Novel Superhydrophobic Cement-based Materials Achieved by Construction of Hierarchical Surface Structure with FAS/SiO₂ Hybrid Nanocomposites

This work aims at developing novel superhydrophobic cement concrete by applying a tridecafluorooctyltriethoxysilane/nanosilica (FAS/SiO₂) hybrid nanocomposite onto surfaces of hardened concrete. The hybrid nanocomposite was synthesized and characterized using TEM, TGA and NMR. The performance of the FAS/SiO₂ treated cement paste/mortar samples were evaluated using a water contact angle (WCA) test, lab-raining detachment test, 3D image analysis, and UV irradiation test. The results indicate that the core-shell spherical structured composite had a particle size of about 200 nm and shell thickness of about 50 nm, displayed high pozzolanic reactivity, and enable to polymerize C-S-H gel of the concrete, thus lowing surface energy and modifying surface structure. The WCA of the FAS/SiO₂ treated-concrete samples was larger than 150, signifying a superhydrophobicity. The FAS/SiO₂ hybrid composite had superior anti-detachment performance, proposing that the treated concrete surface would have a long-term high water-proofing performance.
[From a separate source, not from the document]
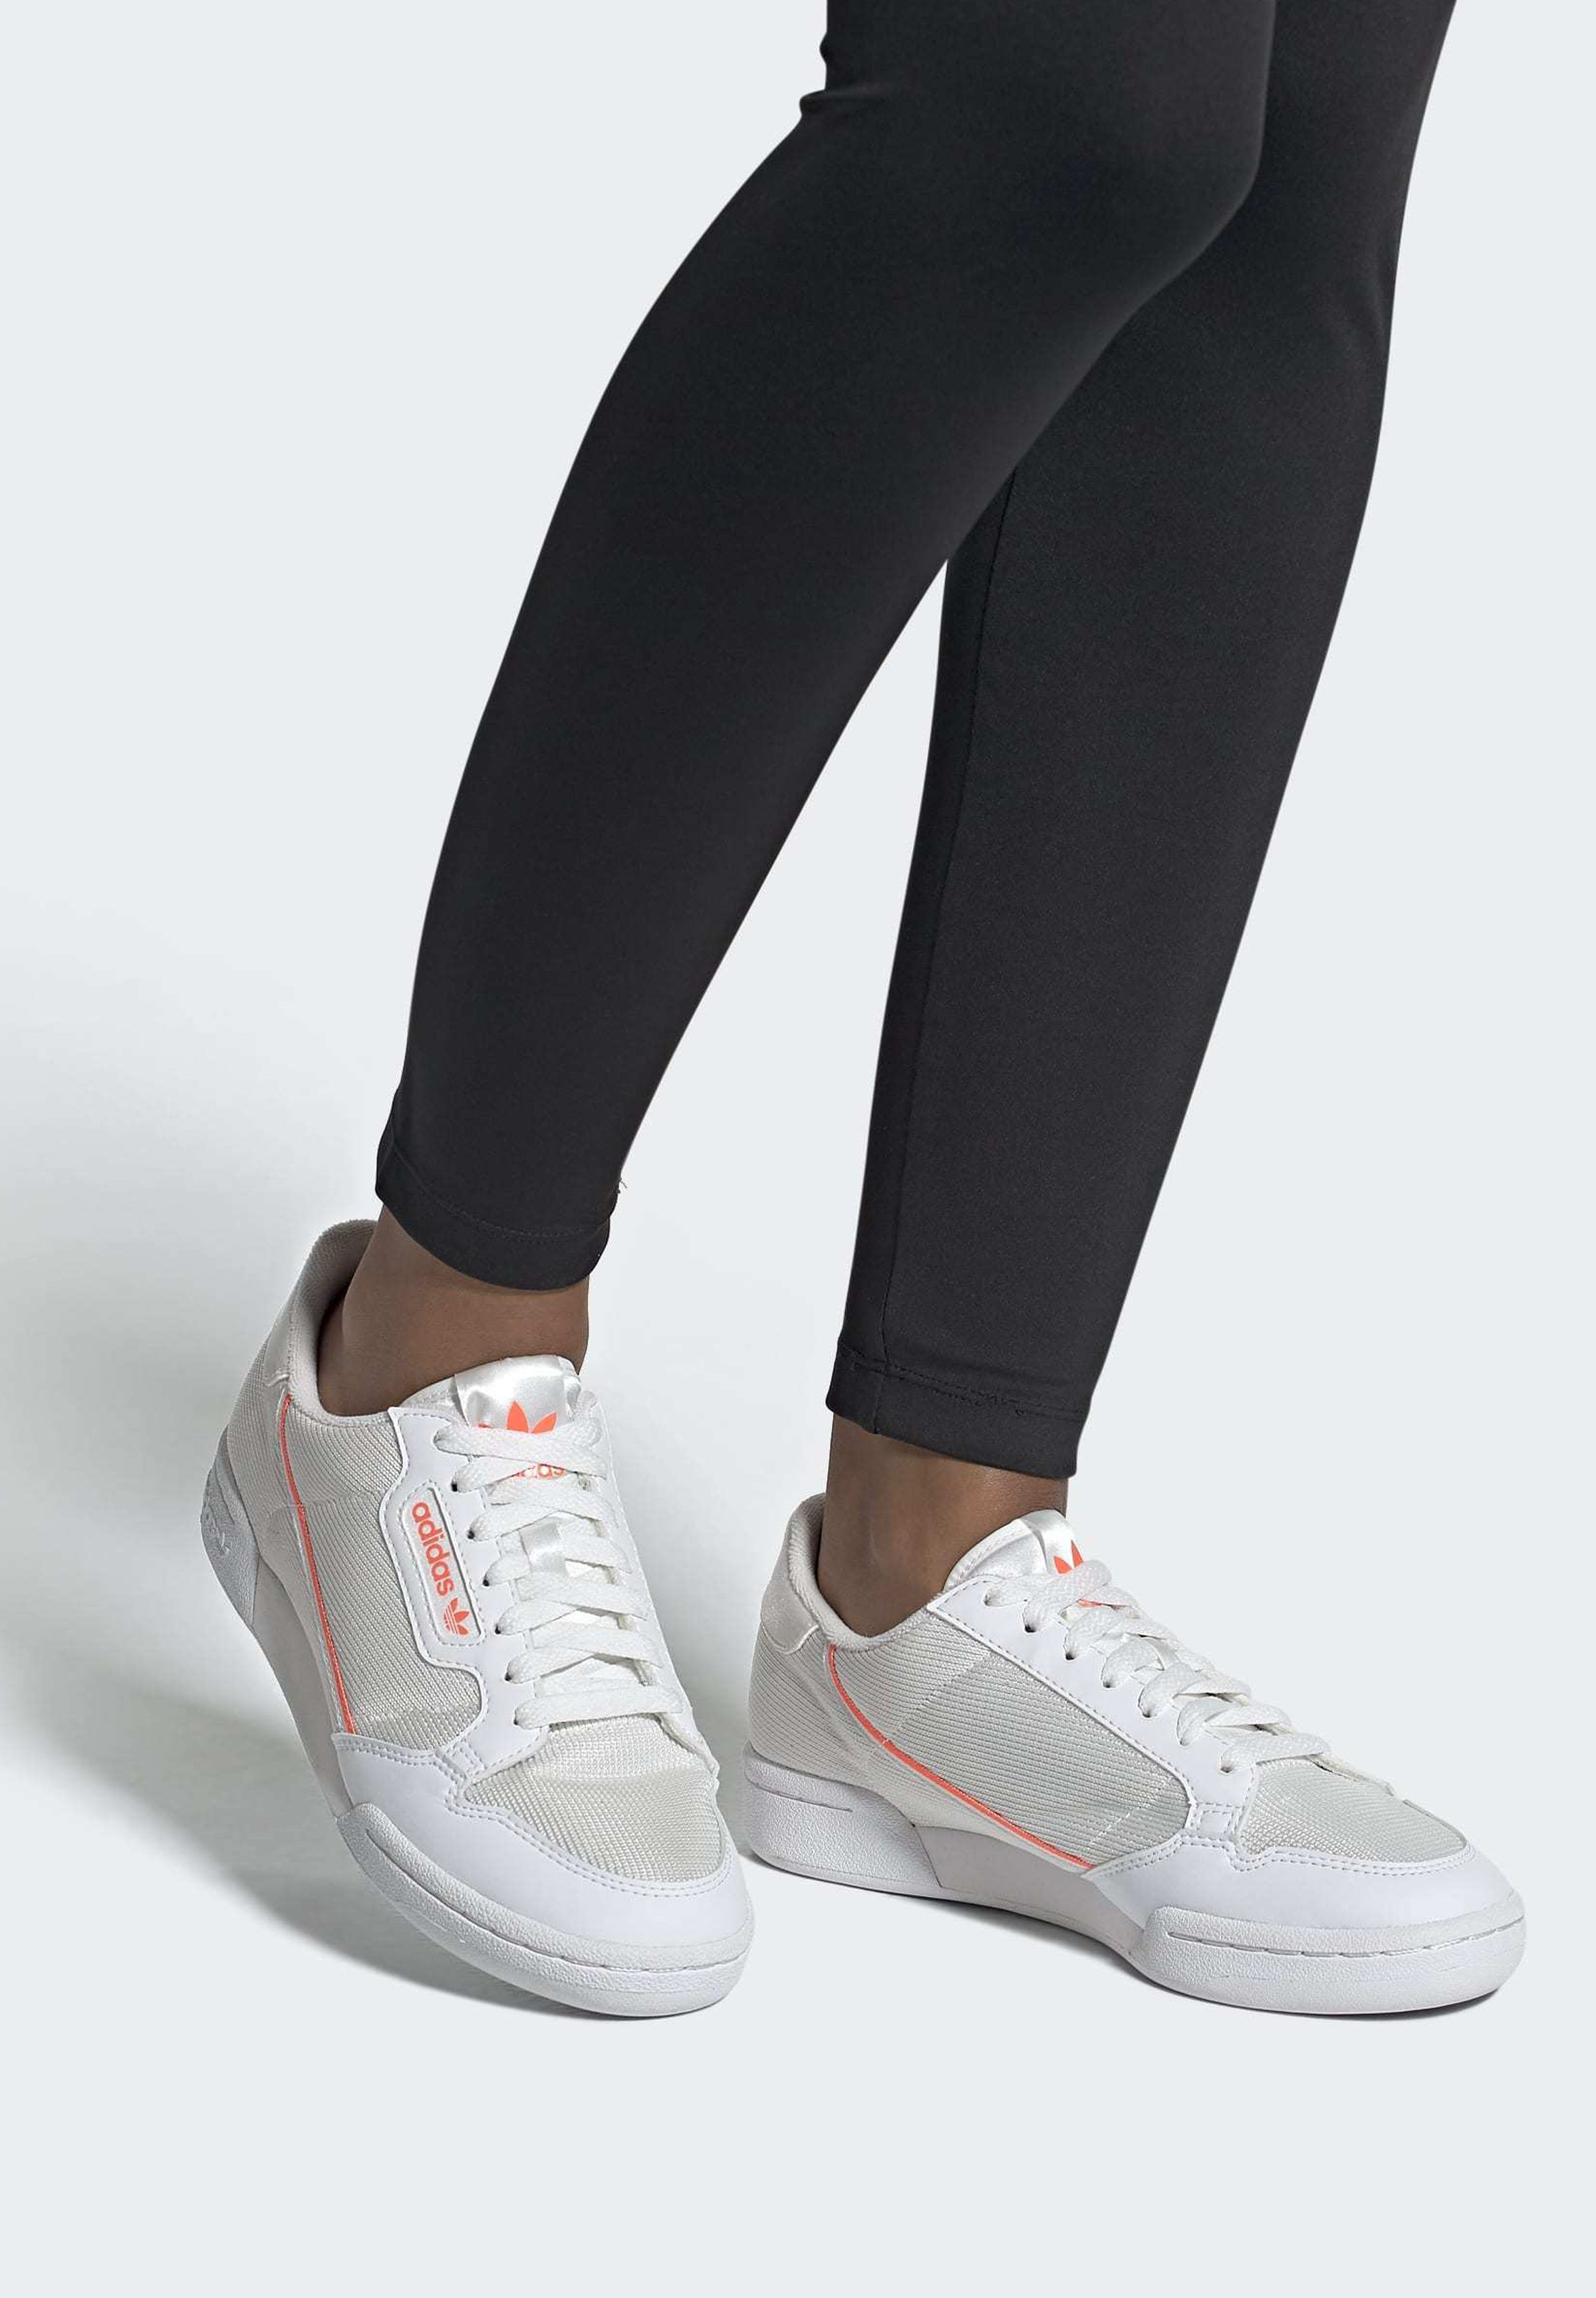 Gutes Angebot adidas Originals CONTINENTAL 80 SHOES - Sneaker low - white | Damenbekleidung 2020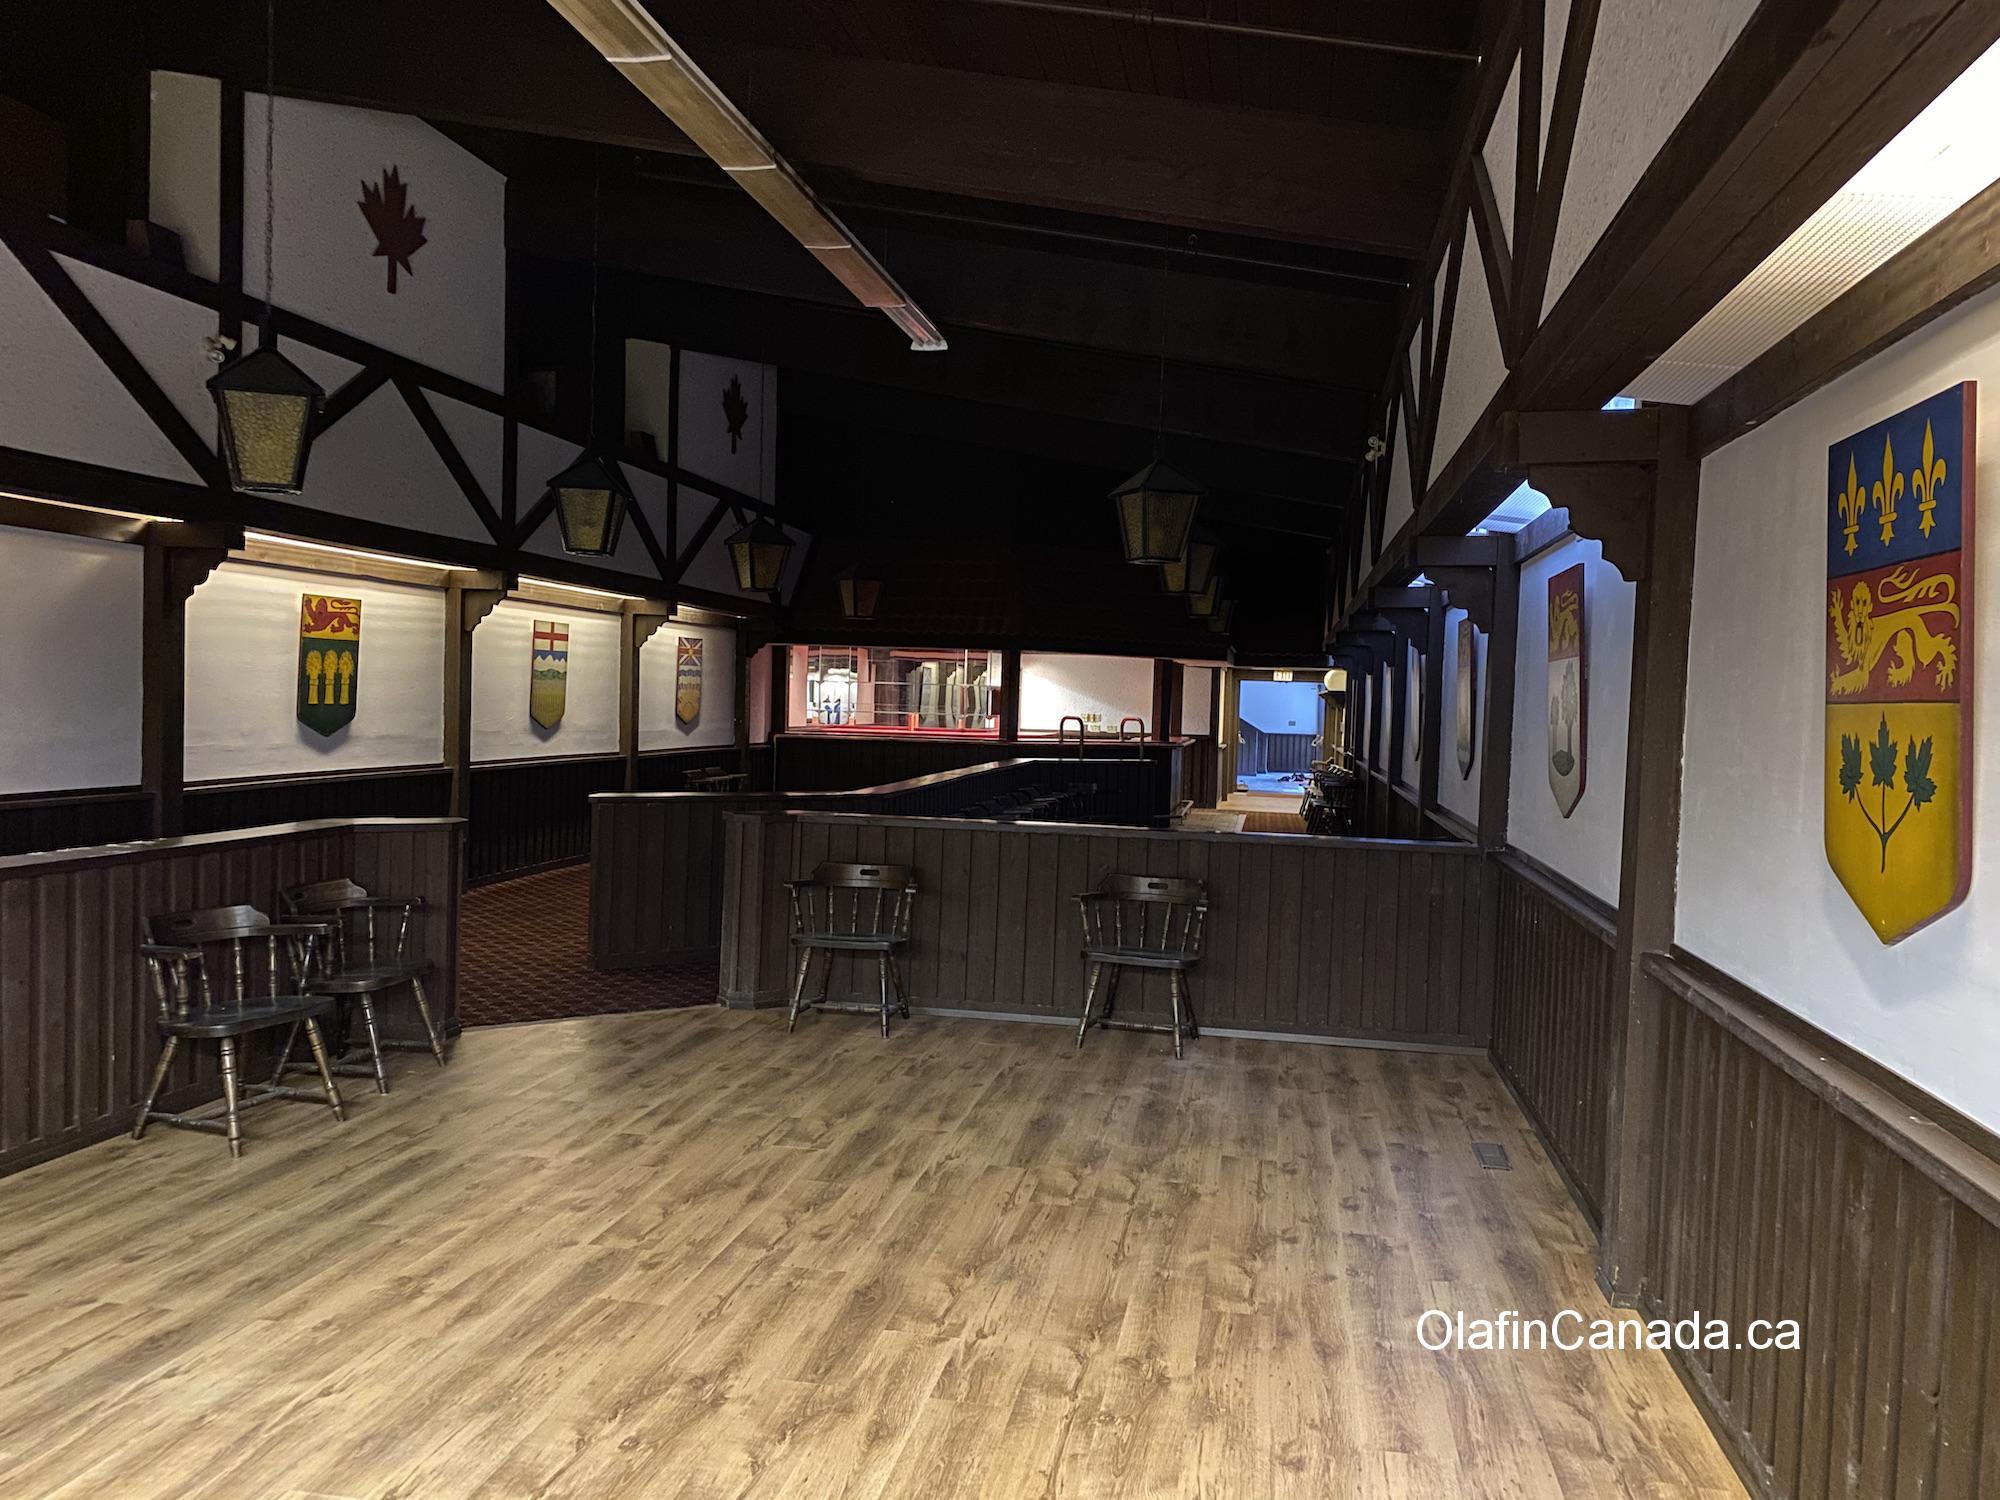 Dance floor in the Maple Leaf pub in Kitsault #olafincanada #britishcolumbia #discoverbc #abandonedbc #kitsault #pub

A hierarchical structure observed from the 3D image analysis might be primarily responsible for the increase in the hydrophobicity of the hardened cement-based materials. The 800-hour UV irradiation test results suggested a good stability of superhydrophobicity under severe weathering conditions. It is concluded that the FAS/SiO₂ hybrid nanocomposite has a great potential for improving durability of existing concrete structures.